Mais ce qu’annonce la loi PACTE n’est pas moins important que ce qu’elle contient. En effet, elle habilite le gouvernement à prendre par ordonnance un certain nombre de mesures, dont l’ampleur potentielle est à remarquer. En premier, elle annonce une ordonnance destinée à regrouper, au sein d’une division spécifique, les dispositions du Code de commerce propres aux sociétés cotées sur un marché réglementé ou un SMN. Voilà qui satisfera très probablement ces sociétés, ainsi que les praticiens.
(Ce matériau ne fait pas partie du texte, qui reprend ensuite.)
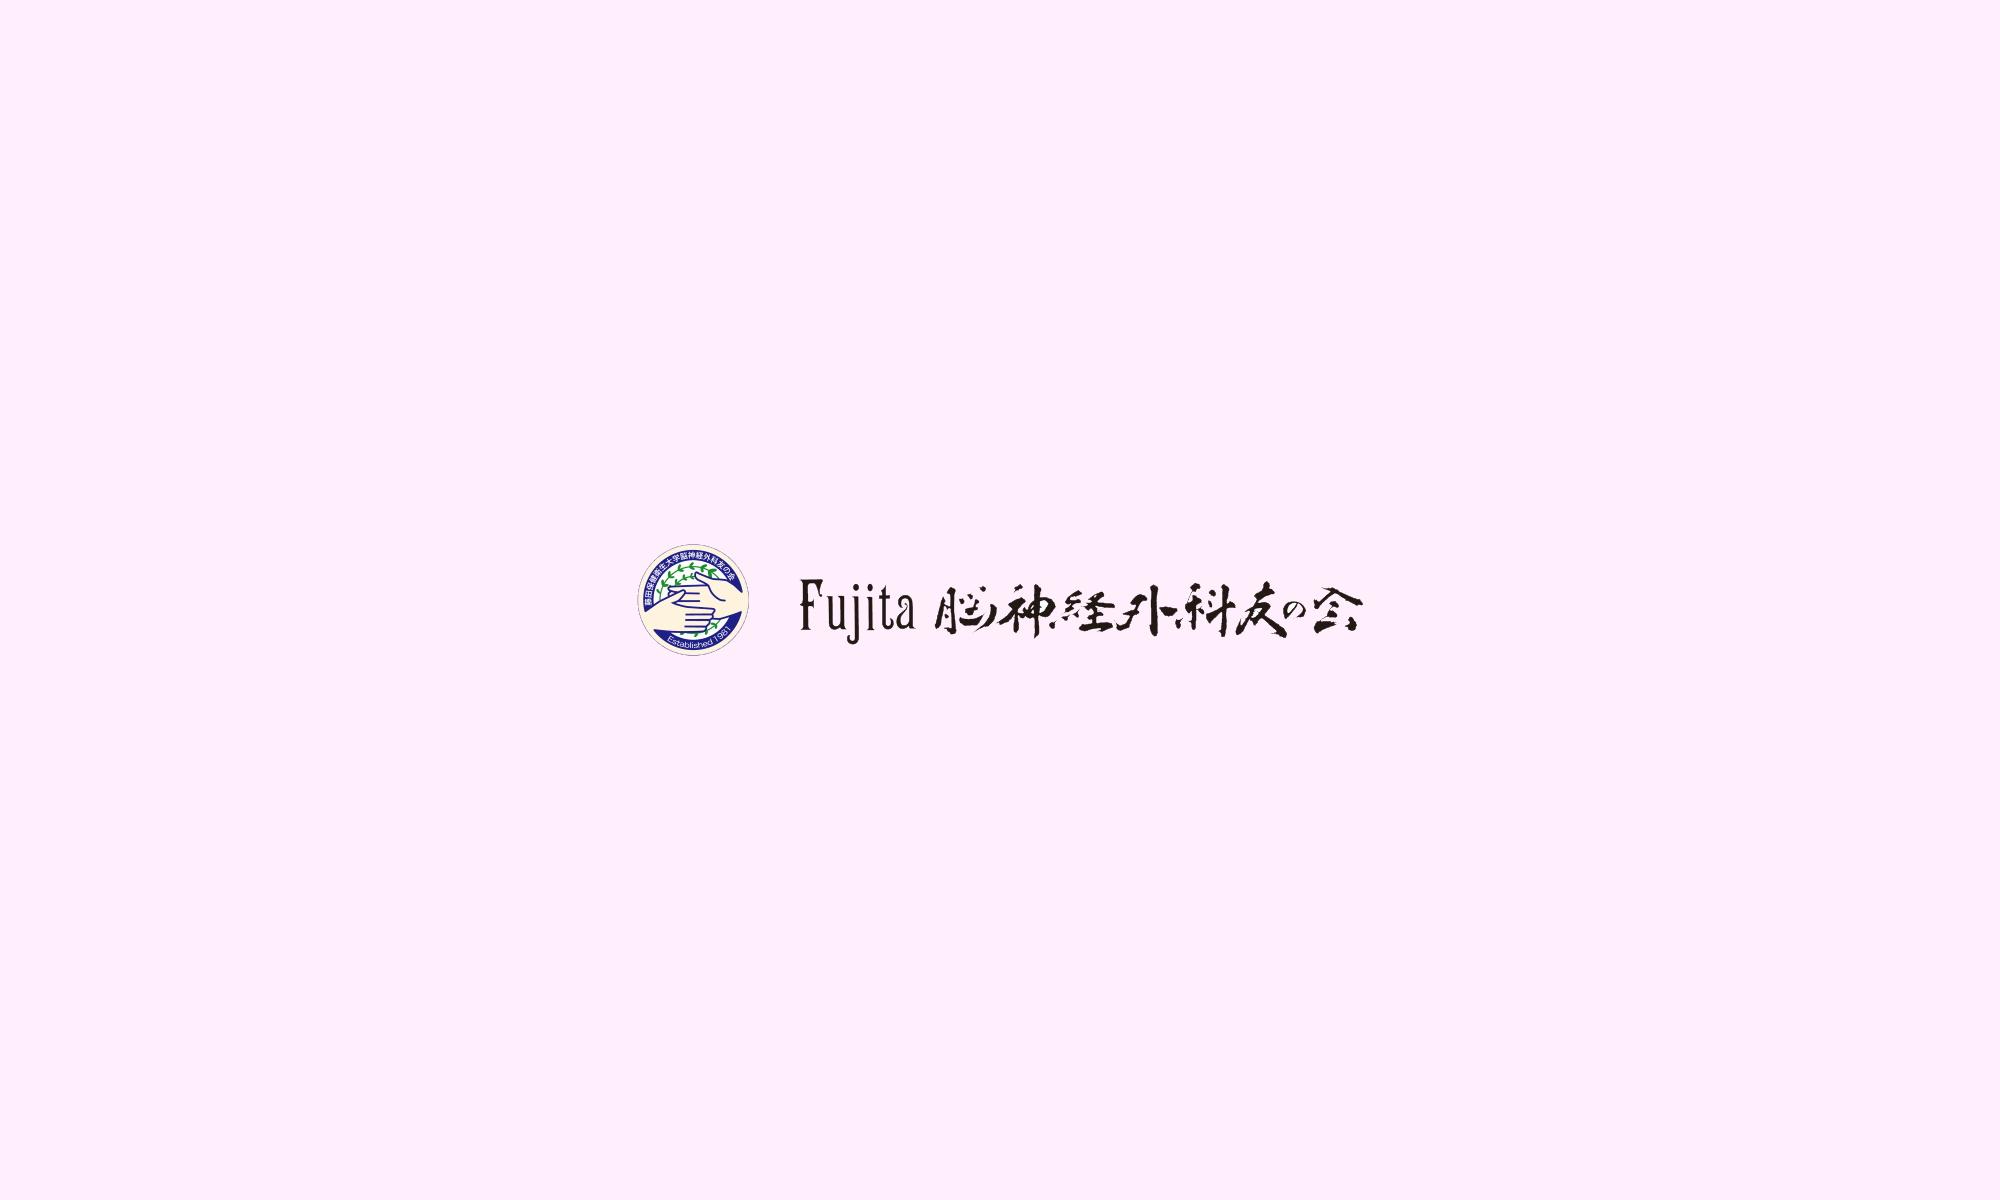 Fujita 脳神経外科友の会

Ainsi, à l’avenir, le Code de commerce comportera très probablement, dans la partie « sociétés », trois grands livres, le premier sur les dispositions générales et communes, le deuxième sur les sociétés non cotées et le troisième sur les sociétés cotées. À cela s’ajoute un reclassement de diverses dispositions entre le Code de commerce et le Code monétaire et financier : la loi PACTE annonce une ordonnance qui transférera au Code monétaire et financier, entre autres, les dispositions relatives à l’intermédiaire inscrit, aux déclarations de franchissement de seuil et aux offres publiques. Ainsi, les deux codes trouveront-ils beaucoup mieux qu’aujourd’hui leur domaine respectif et leur frontière. Cette distinction et ce regroupement, qui ont leur logique, sont le fruit, à l’origine, d’une réflexion universitaire[1], qui a été prolongée au sein du HCJP[2].

Enfin, deux autres ordonnances sont annoncées, l’une destinée à moderniser le régime des offres publiques de titres financiers, ce qui ne dit pas ce dont il s’agit précisément, l’autre à réformer le régime du démarchage bancaire et financier et à encadrer les sollicitations à l’initiative du client.

La réforme annonce donc d’autres réformes…

 

[1]  F. Drummond, « Code de commerce et Code monétaire et financier, ou l’enchevêtrement des codes», in Le Code de commerce 1807-2007 – Livre du bicentenaire, Dalloz, 2007, p. 95.

 

[2] F. Drummond et J. Klein, « Proposition en vue de la création d’un chapitre du Code de commerce dédié aux sociétés cotées », Rapport HCJP, RA16 du 26 mars 2018.